> [Work instructions] Starting at the line that contains "spädningsmedel. Utifrån uppgifter", transcribe every remaining line of the data below exactly, and omit all pictures.

> [Collected data]

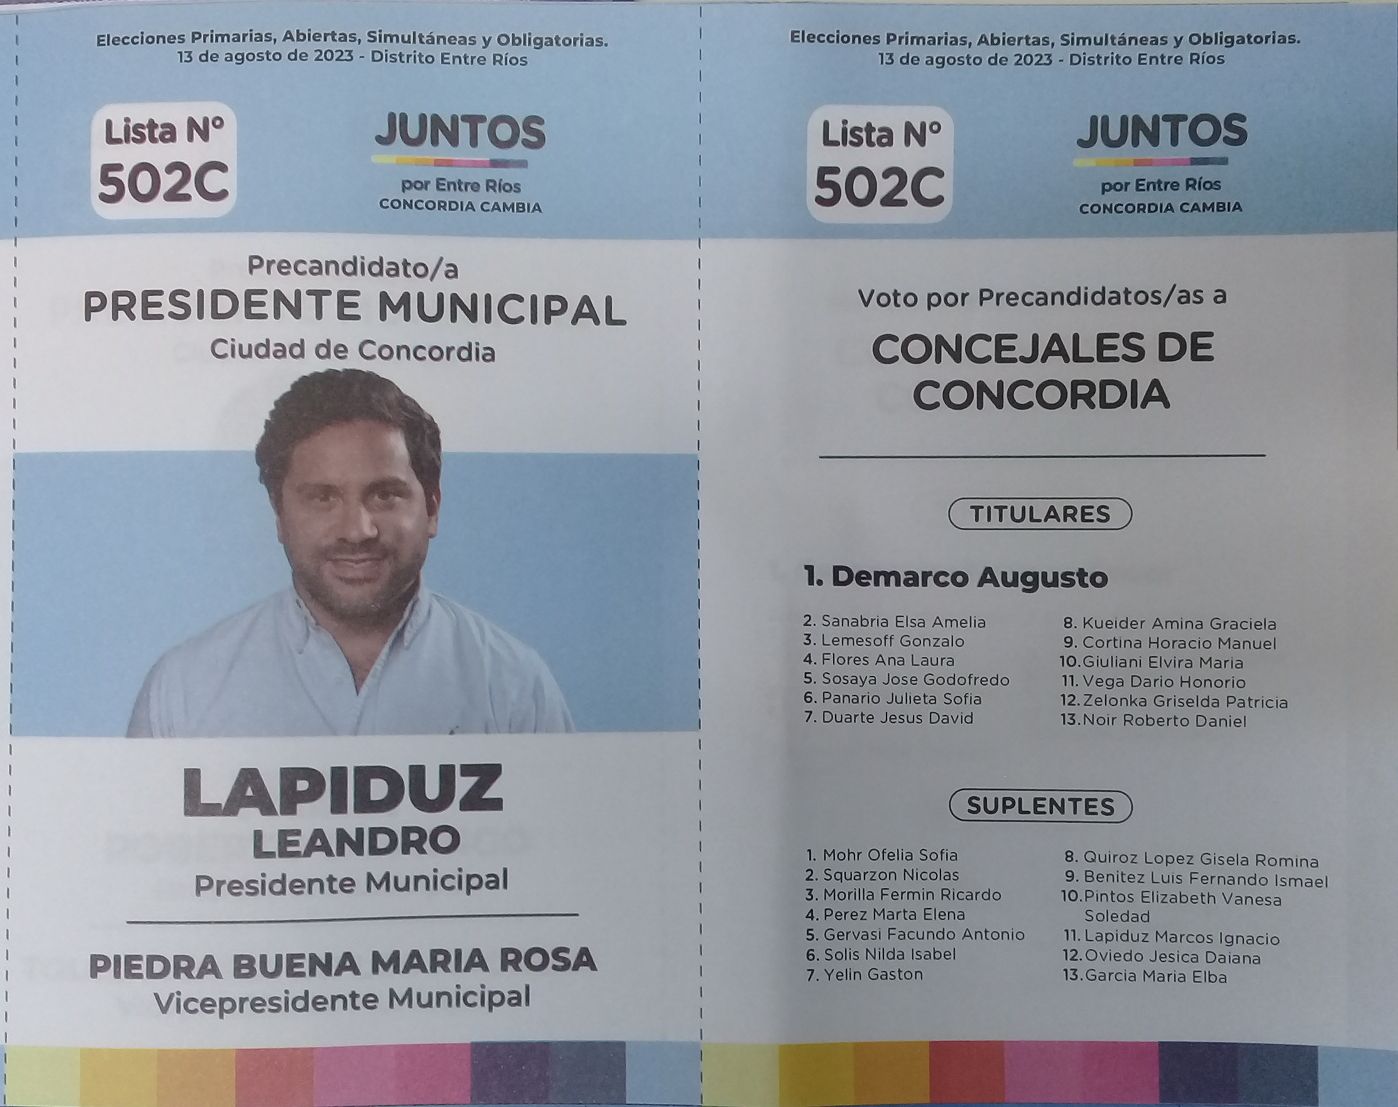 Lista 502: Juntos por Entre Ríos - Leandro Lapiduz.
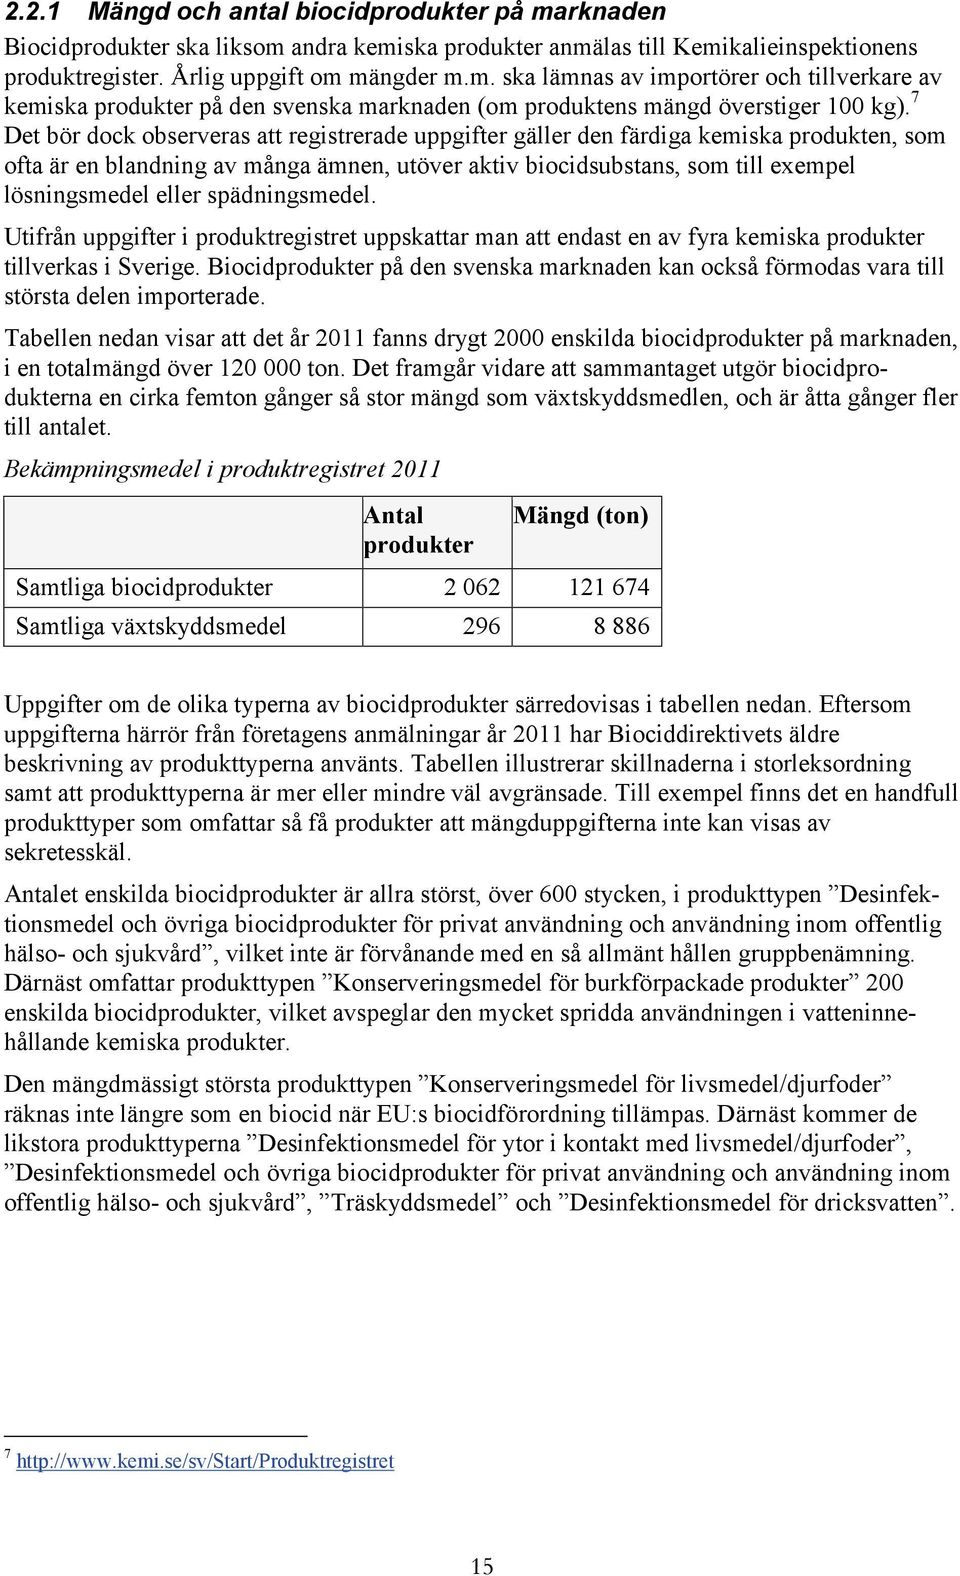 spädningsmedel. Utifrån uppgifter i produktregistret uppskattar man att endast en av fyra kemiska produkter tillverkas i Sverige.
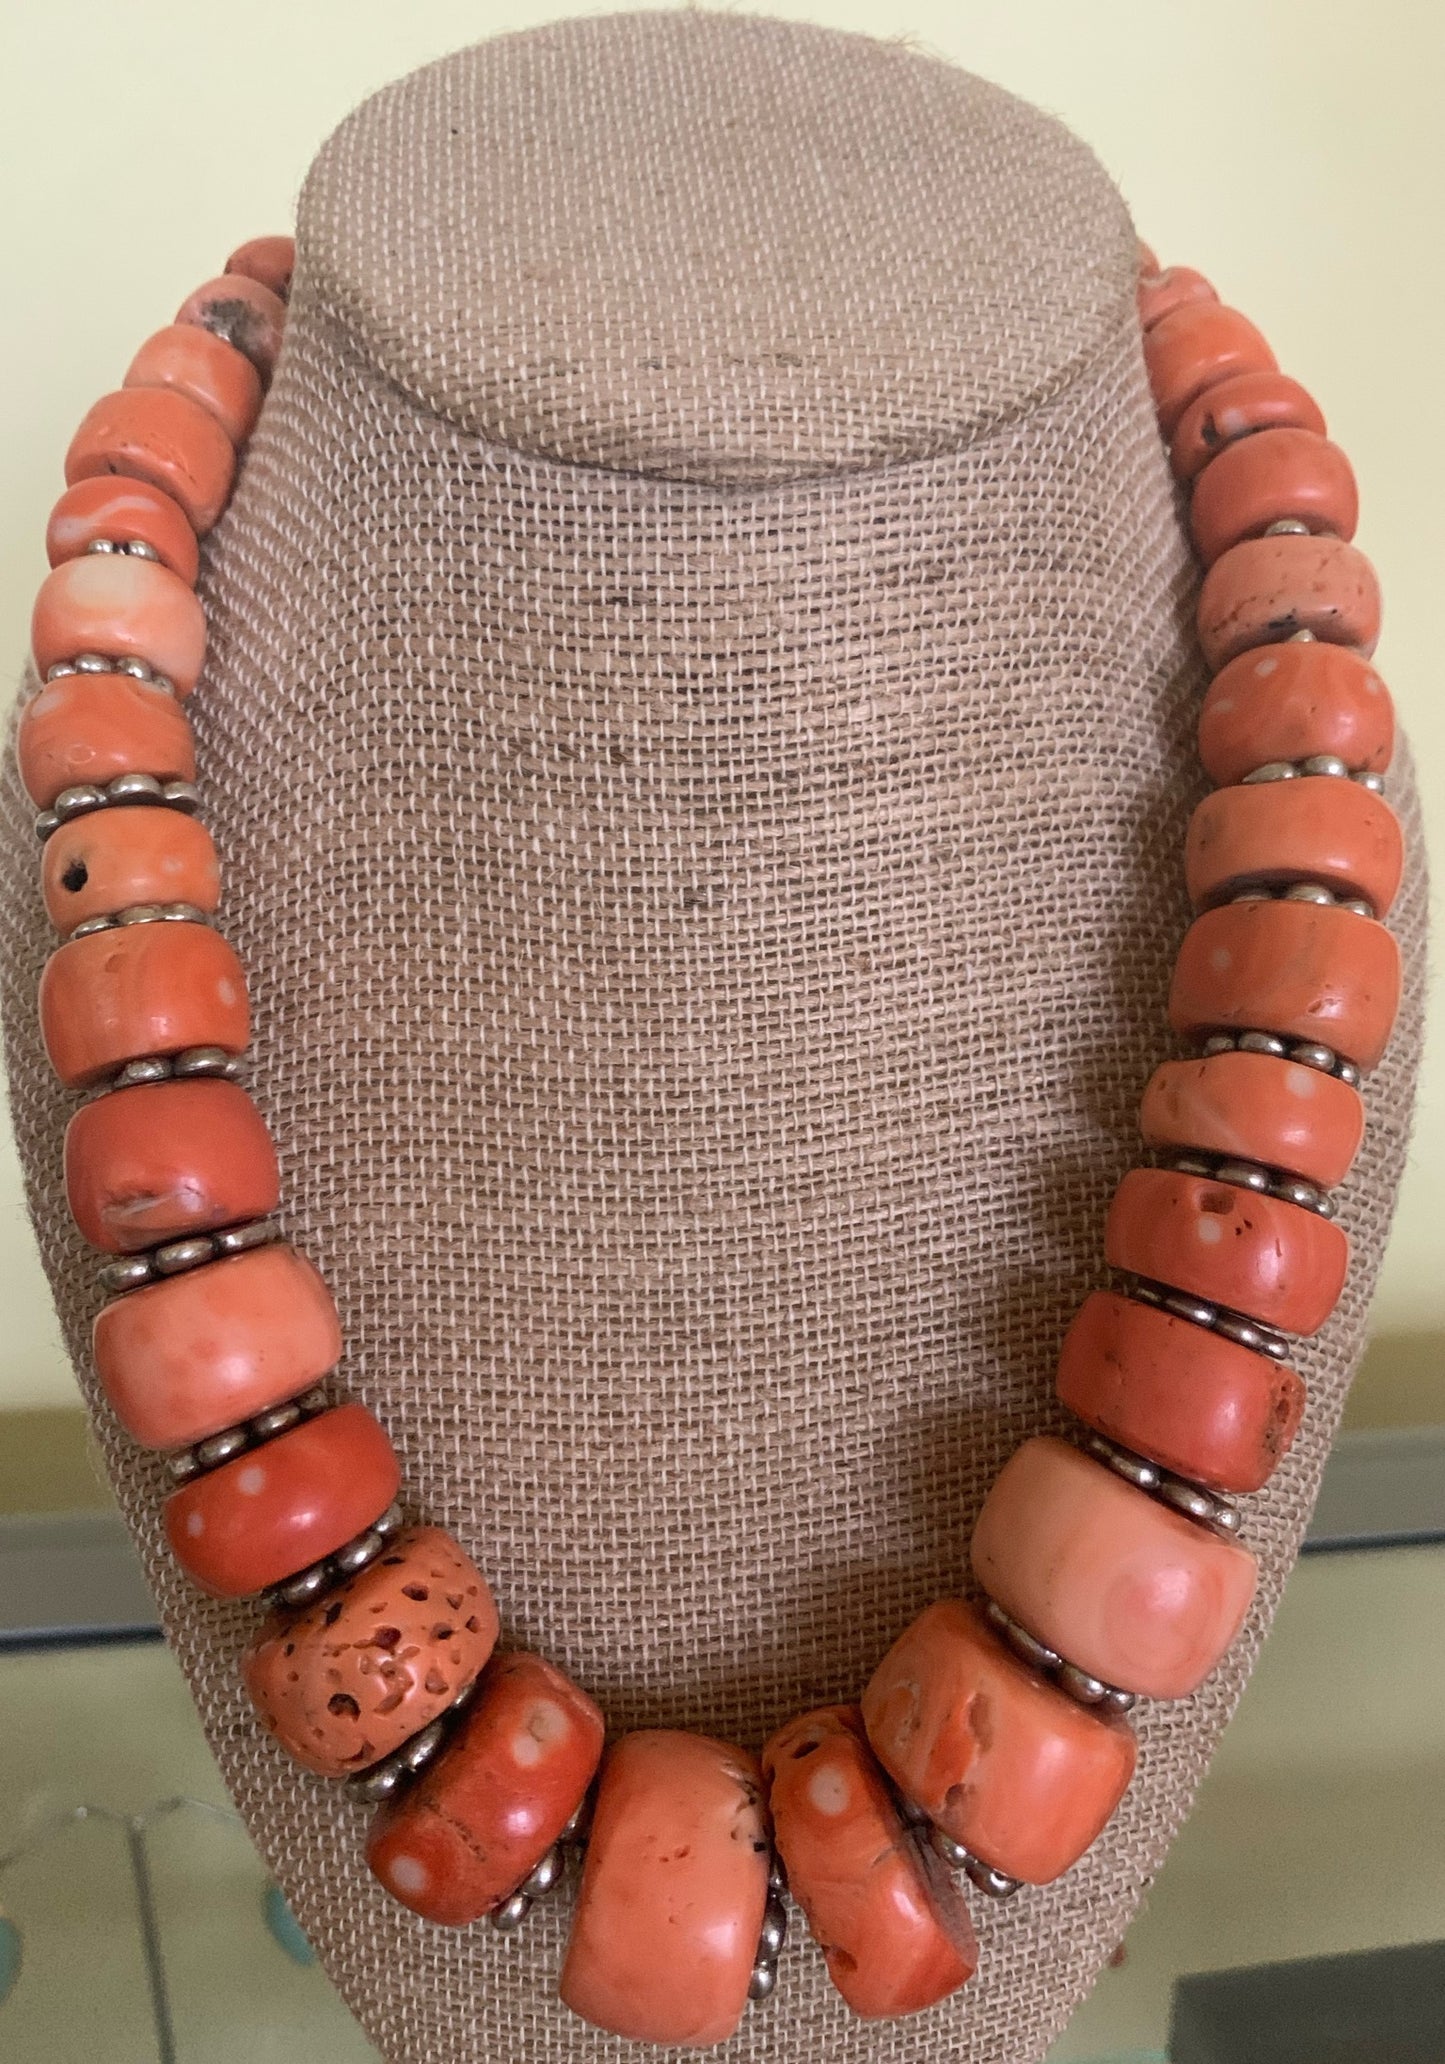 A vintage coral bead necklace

> [Output below]
 spädningsmedel. Utifrån uppgifter i produktregistret uppskattar man att endast en av fyra kemiska produkter tillverkas i Sverige.
 A vintage coral bead necklace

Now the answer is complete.